Le principe scissionniste français

Ce principe reste valable pour toutes les successions ouvertes avant le 17 août 2015. Ces règles sont donc en voie de disparition, mais les principes sont néanmoins rappelés. Deux adages s’appliquent : mobilia sequuntur personam (la loi du lieu du dernier domicile du défunt régit les successions mobilières), la lex rei sitae (la loi de situation des immeubles régit les successions immobilières). La qualification des biens meubles et immeuble devra s’effectuer lege fori (185). Il peut exister plusieurs masses qui seront traitées de façon indépendante. La réserve se calcule masse par masse. Afin de limiter le morcellement de la succession, la cour a admis le renvoi lorsqu’il permet de restaurer son unité (186). La loi étrangère peut également être écartée par le jeu de l’ordre public.
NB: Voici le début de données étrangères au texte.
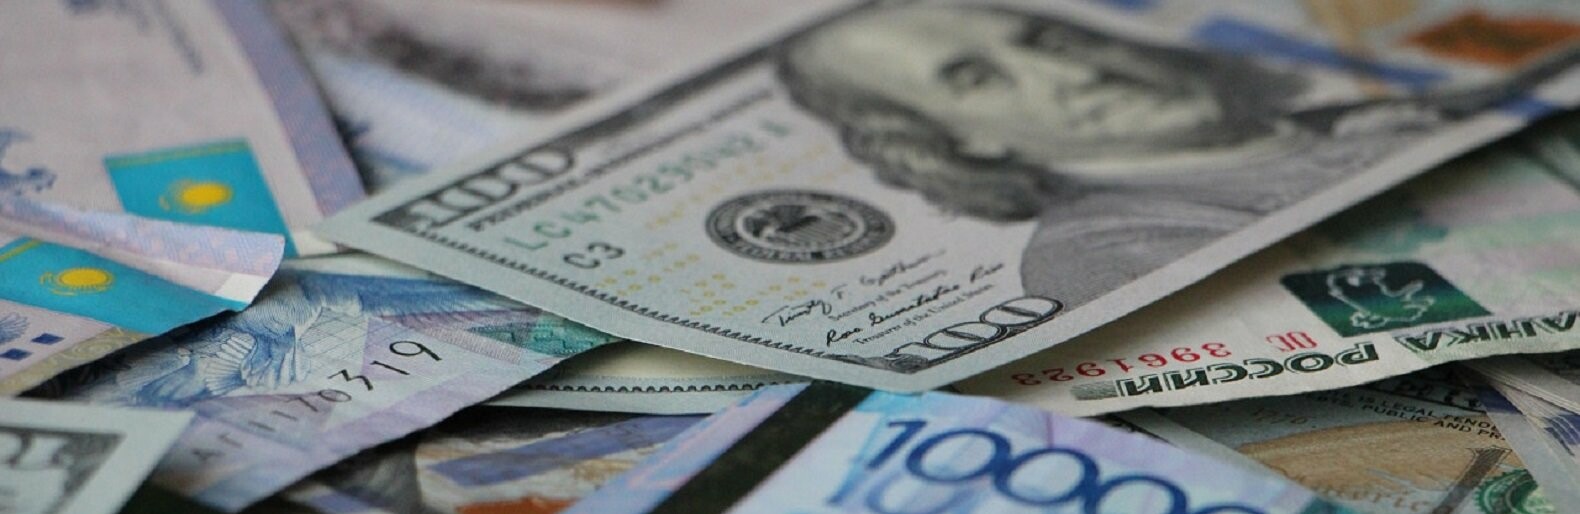 Выгодный курс обмена валюты в калуге как лучше вывести биткоины на карту

Les successions ont été le terrain de prédilection du renvoi afin de remédier aux inconvé- nients du morcellement successoral dû à ce système. C’est la jurisprudence qui a consacré cette notion en matière de successions mobilières (187), plus progressivement en matière immobilière (188). Aujourd’hui, à partir du moment où le renvoi permet d’assurer l’unité successorale et l’application d’une même loi aux meubles et aux immeubles, le renvoi est admis (189).